The question, at this point, is not how do IT cells respond to visual stimuli, or what the biophysical properties of IT cells are (though this would be wonderful, insanely useful data to have). We have a truckload of electrophysiological data, even if some of it falls prey to the sort of difficulties pointed out in an article from Pinto et al. in PLoS. I think the general problem is that we’re looking at a filter’s response, assuming IT does some form of filtering at a reasonable level of approximation, without a clue about what its input looks like. It makes trying to derive a transfer function, perhaps one you could use in an object recognition system, impossible.
Before incorporating precise biological data into the functional picture of IT, we need a good, basic, characterization at the electrophysiological level, something akin to Hubel and Wiesel’s seminal work in LGN and V1. The power of their cartoon model is that it gives a picture of how input from the retina is transformed into useful information at V1 via LGN. We have no such cartoon for V2, V4, ITp and ITa.

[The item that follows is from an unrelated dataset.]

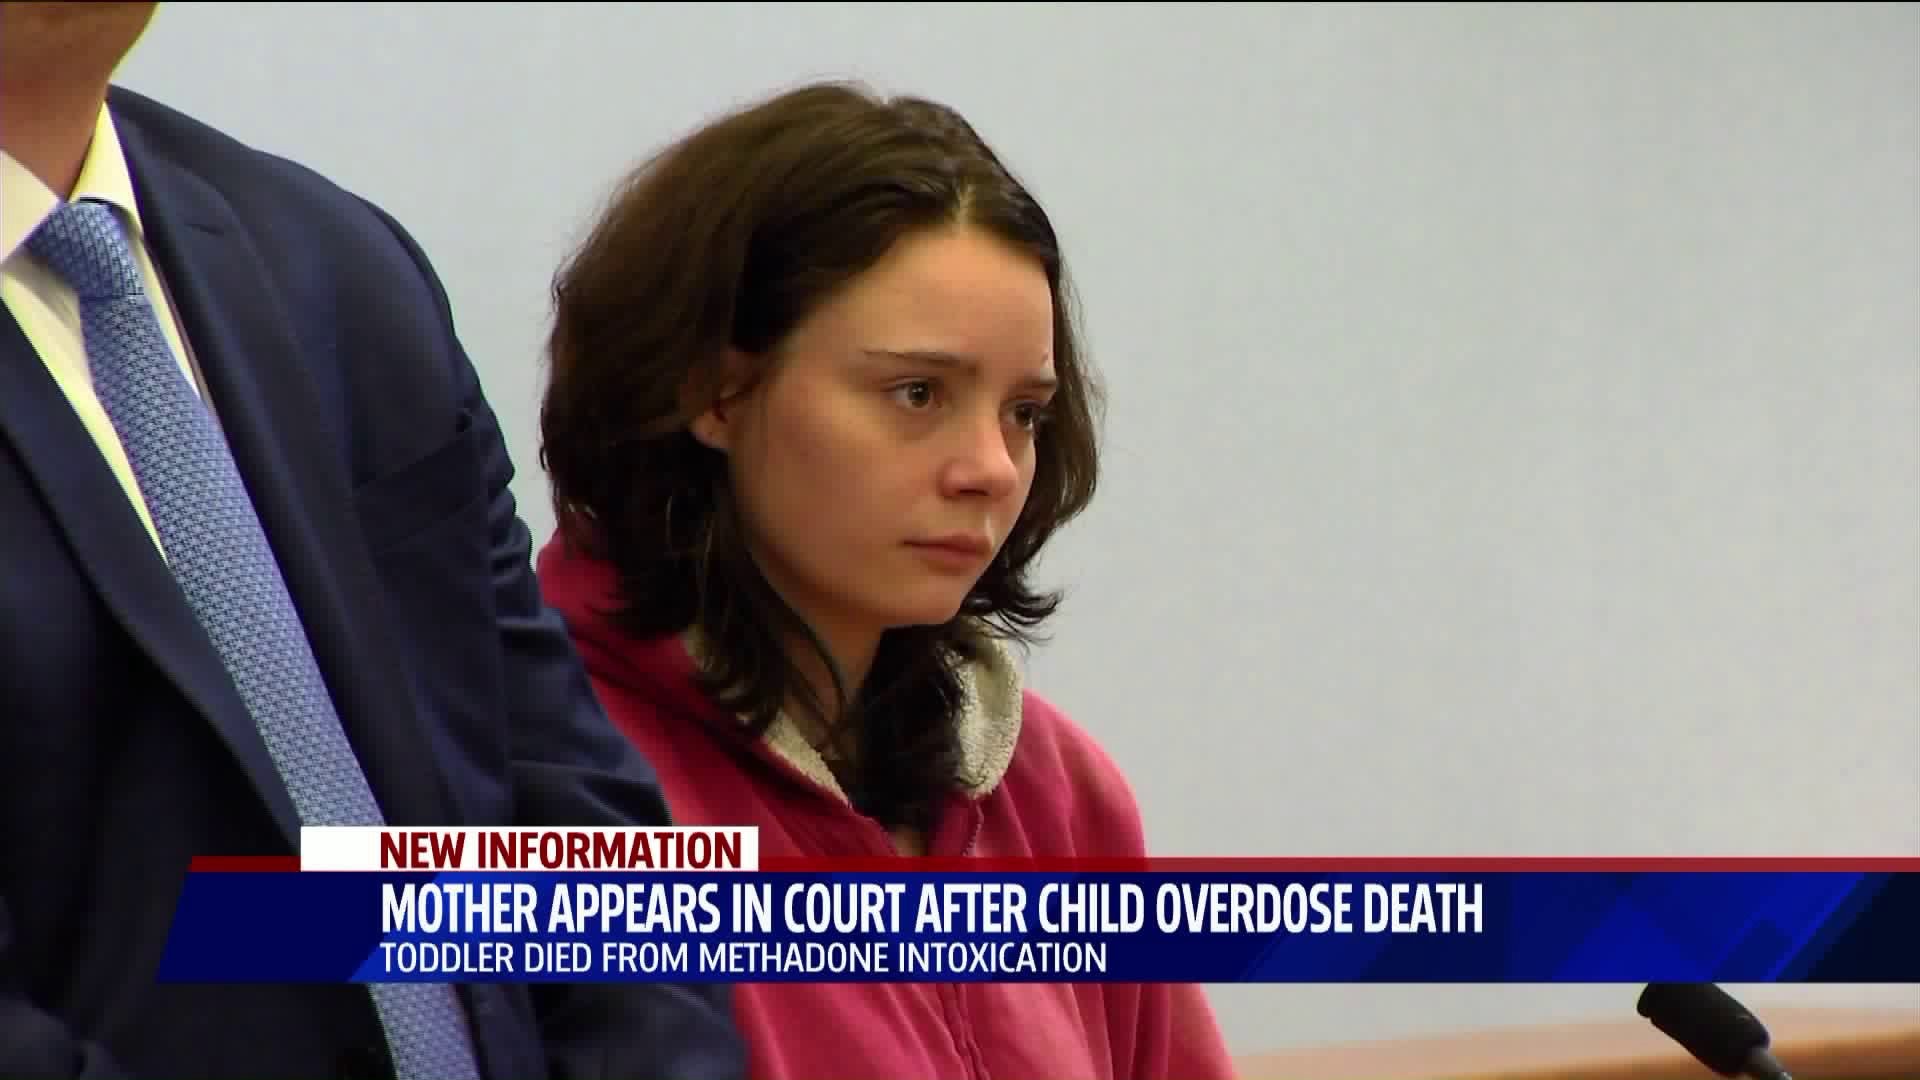 Stafford mother charged with death of 3-year-old in court

This is not due to a lack of recordings from IT, but rather, a lack of data from multiple areas that we can tie into a unified picture. Perhaps simultaneous recordings of a V4 cell that synapses onto an ITp cell attacks this problem most directly, similar to Alonso and Reid’s critical work in LGN and V1. I recall someone in DiCarlo’s lab working on something like this, or at least he mentioned it at his last talk. We’ll see what fruit it bears.
Anyway, after establishing such a general framework, then maybe it makes sense to unpack laminar dynamics, followed by fine-grained in vitro work, etc. etc. So, in short, the answer is: not much, but maybe other coarser-grained data will give us a rough picture in the near future.